El nombre de una persona viene, incluso, muchas veces, antes de que haya salido del vientre materno. Se habla de ti antes de ti. Me pregunto si habrá existido en la historia alguna persona que no haya tenido nombre. Si pasó, no podemos hablar de ella. No existe. Y en una transición, lo que queremos es existir, existir de otra manera.
***
Varias veces me han preguntado por qué escogí este nuevo nombre: Felicia. La palabra y su simbolismo. Una parte de mi nuevo nombre es un restante del antiguo. Feli. Así, solo es necesario cambiar el artículo al diminutivo ya existente: La Feli. Y “licia” me gusta pensarlo como un pedacito del personaje de Lewis Carroll. Alicia, en un mundo fantástico, lleno de locura, magia y horrores, es también una pregunta por la identidad. Su cuerpo cambia de tamaño tomando brebajes, al igual que lo hago con el mío a través de hormonas. En uno de los capítulos del libro, el personaje de la Oruga Azul le pregunta: ¿Quién eres tú? Tremenda interrogante. ¿Alguien puede realmente responderla? Alicia no lo sabe muy bien. Y dice:
Apenas sé, señora, lo que soy en este momento… Sí sé quién era al levantarme esta mañana, pero creo que he cambiado varias veces desde entonces.
Temo que no puedo aclarar nada conmigo misma, señora, porque yo no soy yo misma, ya lo ve.
Si alguien cree saber quién es a cada rato es solo porque no se ha detenido en la pregunta.

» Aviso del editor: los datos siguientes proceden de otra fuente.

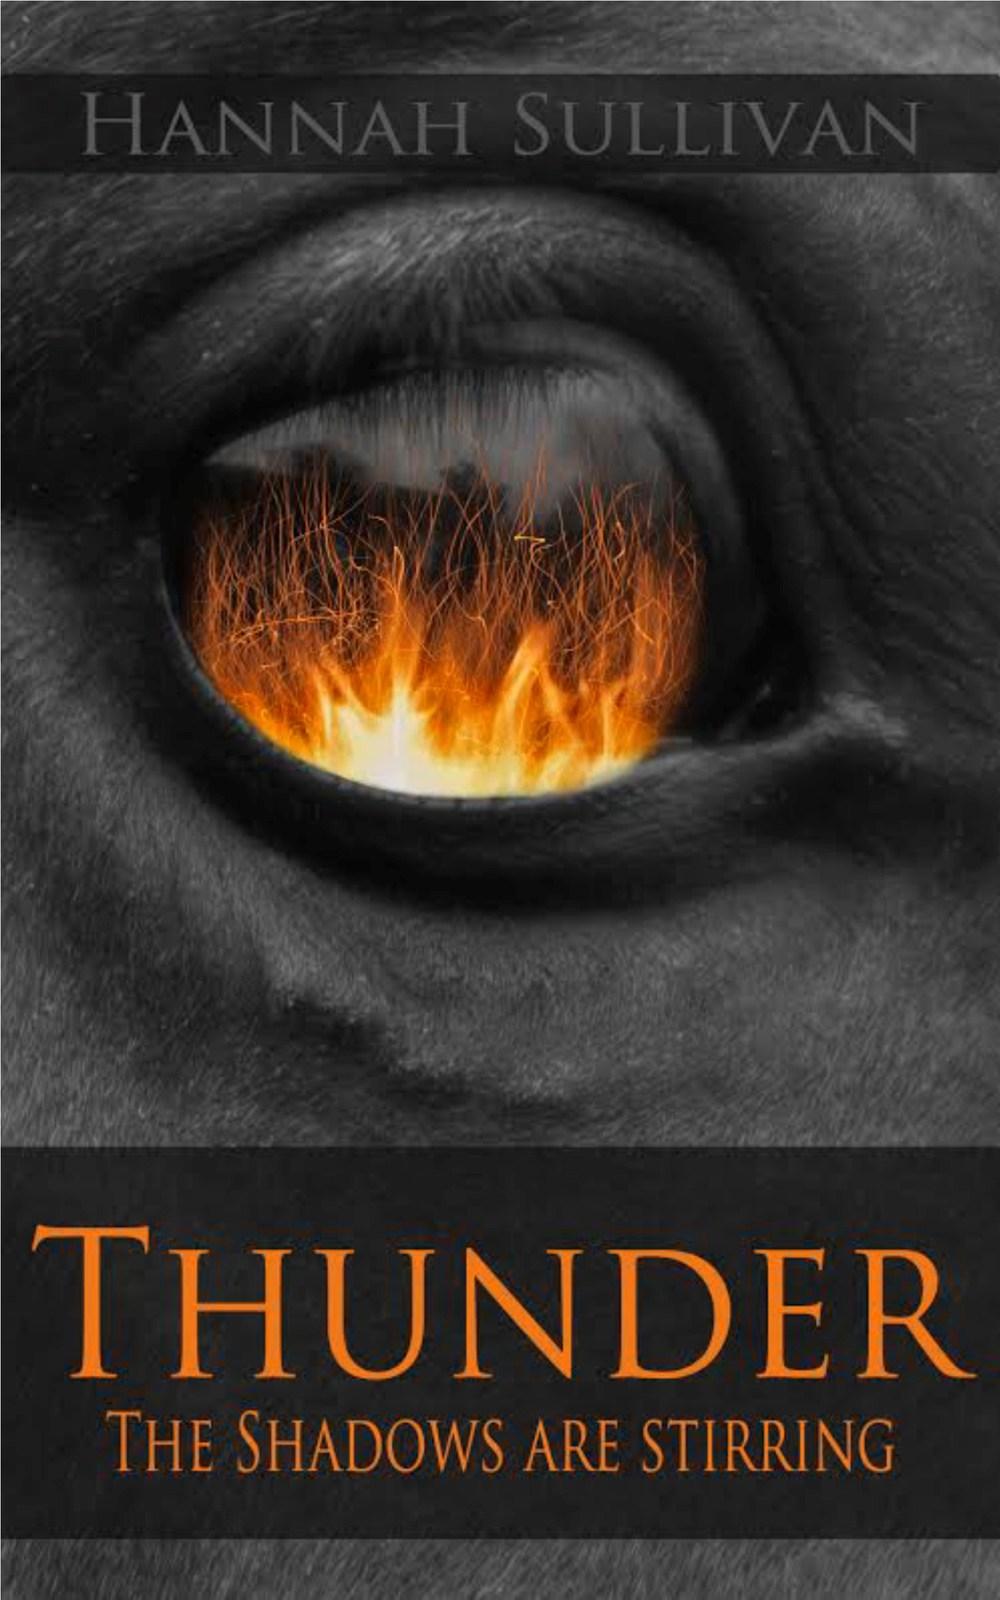 final Thunder1a.jpg

Al momento de hacérsela, estoy segura de que cualquiera caería en un abismo sin sentido. No somos lo que éramos antes, pero aun así somos lxs mismxs de siempre. Pensar que somos una diferencia que se repite día a día es complejo. Por eso, cuando te preguntan “¿quién eres?” la respuesta suele ser un nombre. Es que pareciera ser que el nombre es una ilusión, una palabra que enmascara ese conocimiento siempre latente de lo que (no) sabemos de nosotrxs mismxs.

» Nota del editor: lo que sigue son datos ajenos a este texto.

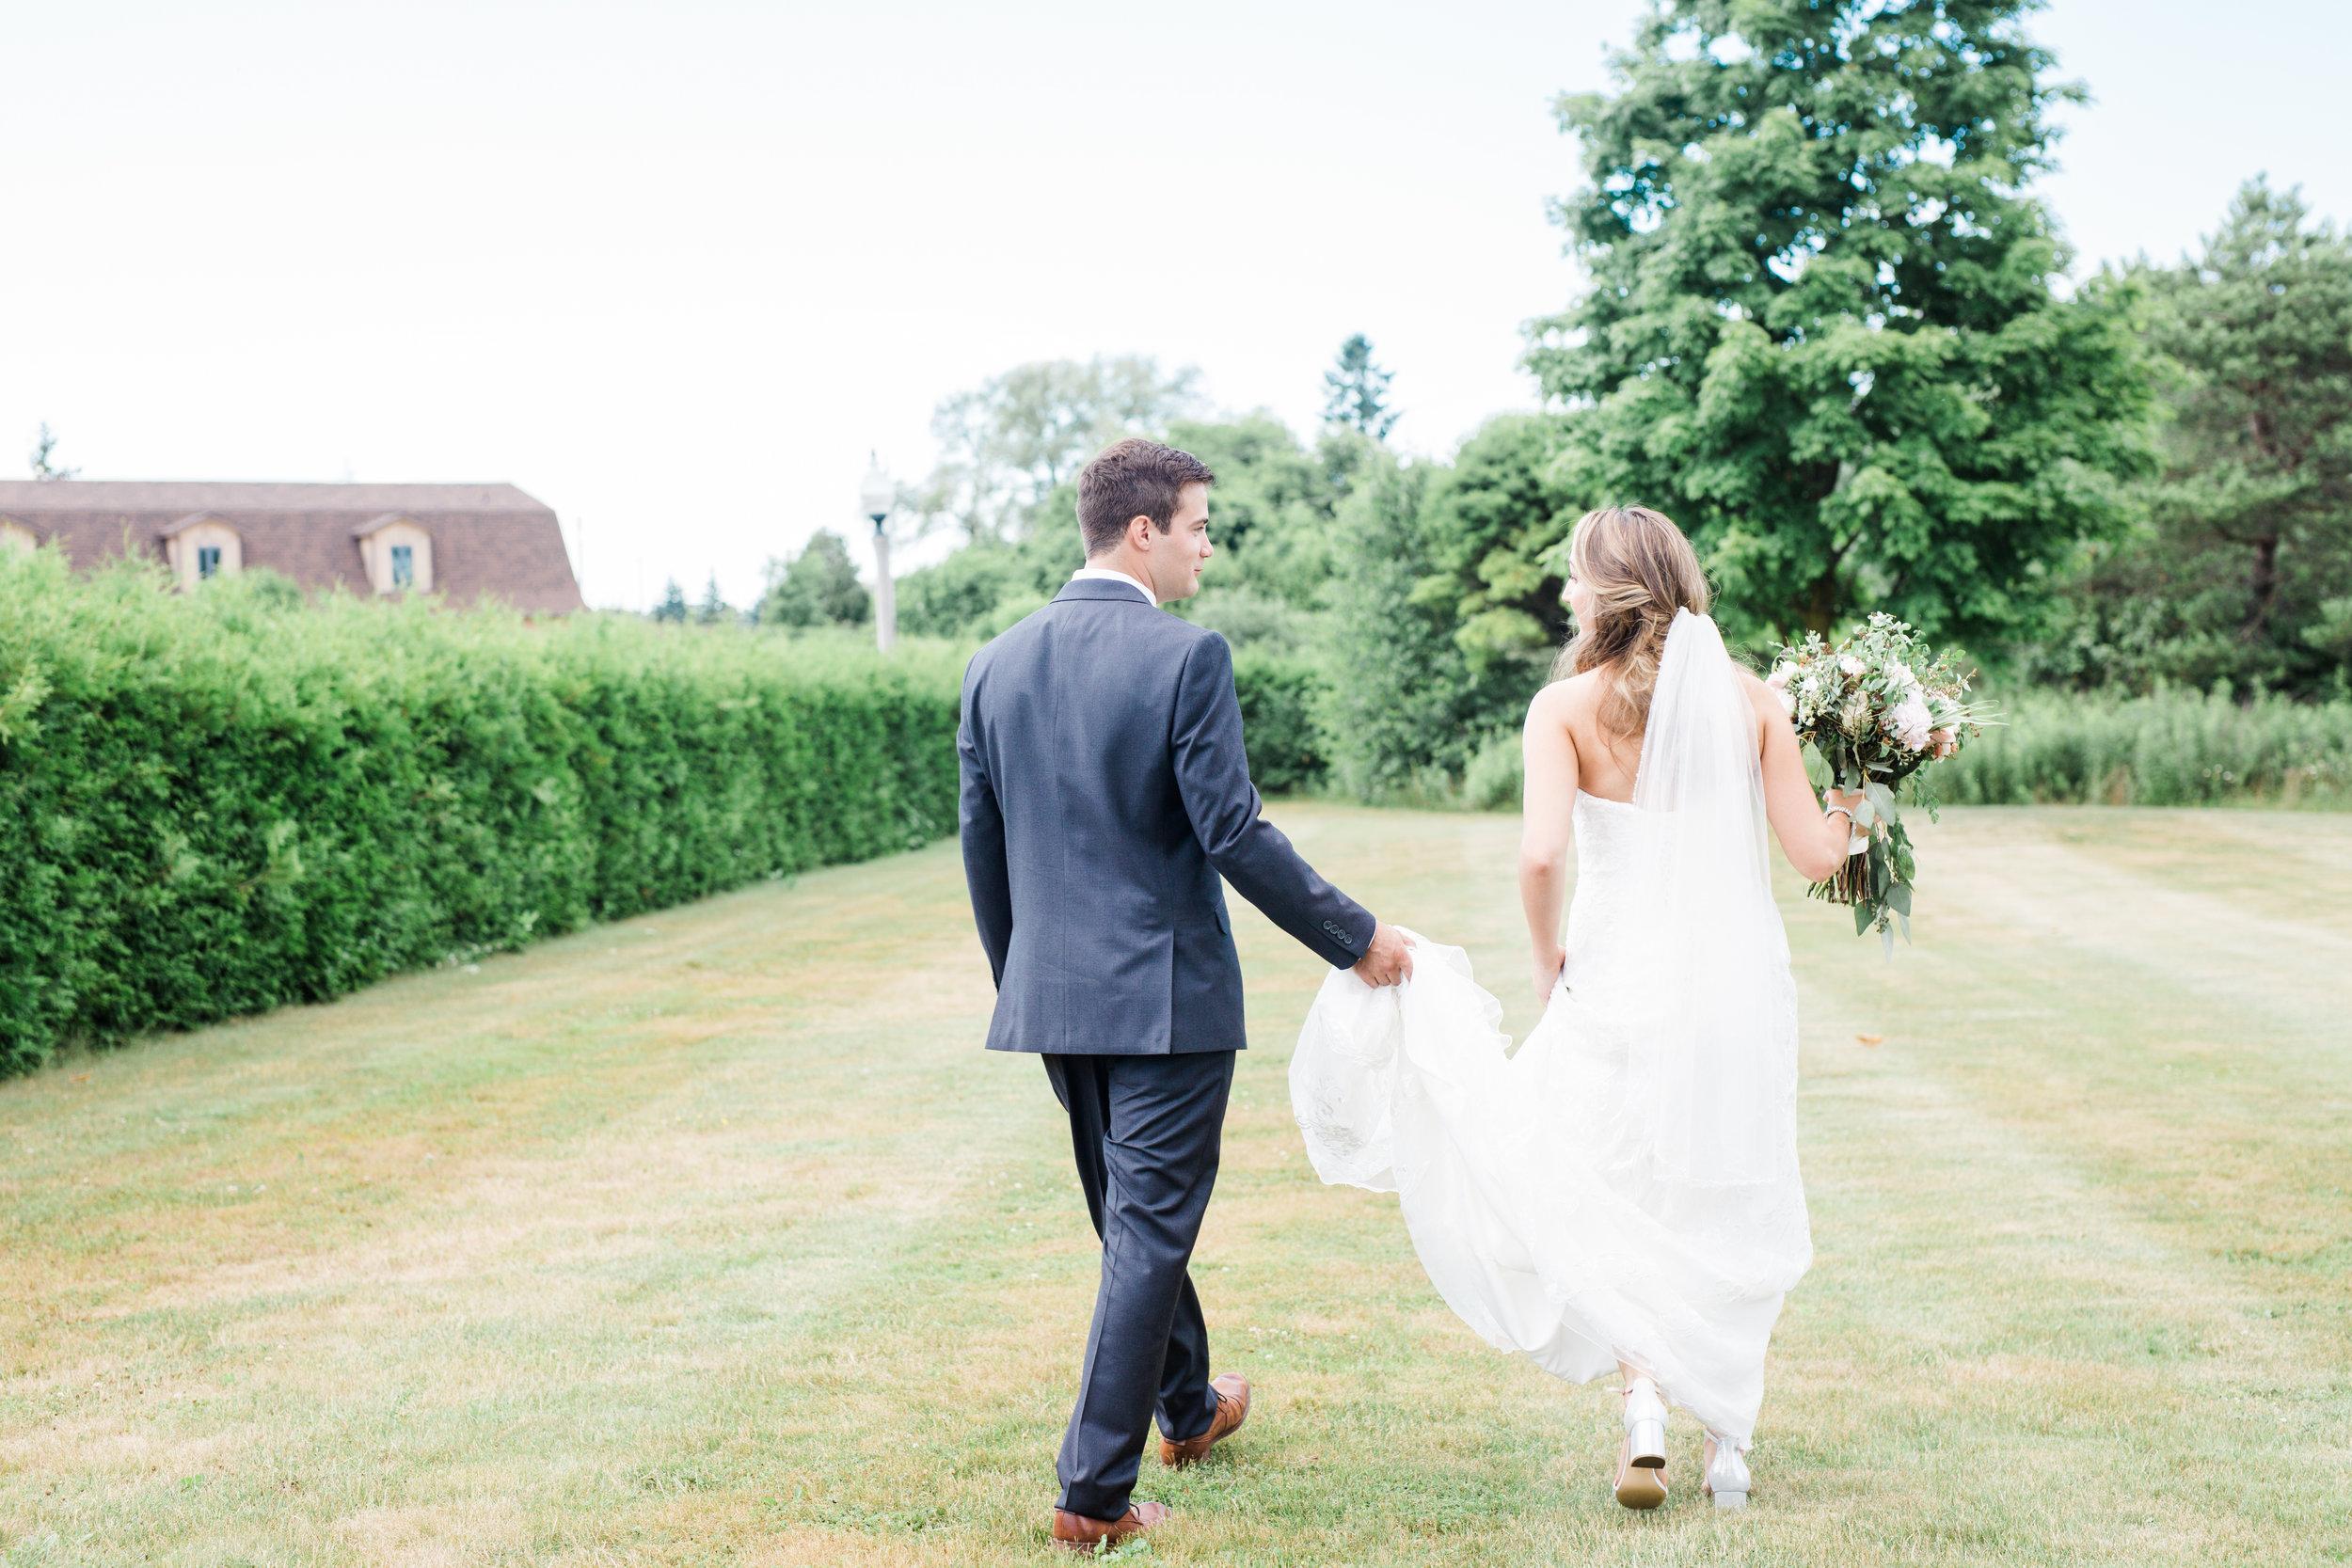 20180707.Wedding.SarahMarc-522.jpg

Y, a propósito de anuncios al mundo, aún no le digo a mis padres que me llamo Felicia. Pero no sé por qué sospecho que ellxs ya lo deben saber.
Nací en Punta Arenas en 1986 (Chile). El 2007 me vine a vivir a Santiago. Estudié la Licenciatura en Teoría e Historia del Arte (Universidad de Chile) y luego tomé una especialización en Arte Terapia. Desde hace varios años sigo atrapada en la capital. Soy bastante fanática de la literatura y el cine de terror. Ahora estoy retomando un Magister en Filosofía para investigar sobre el concepto de identidad.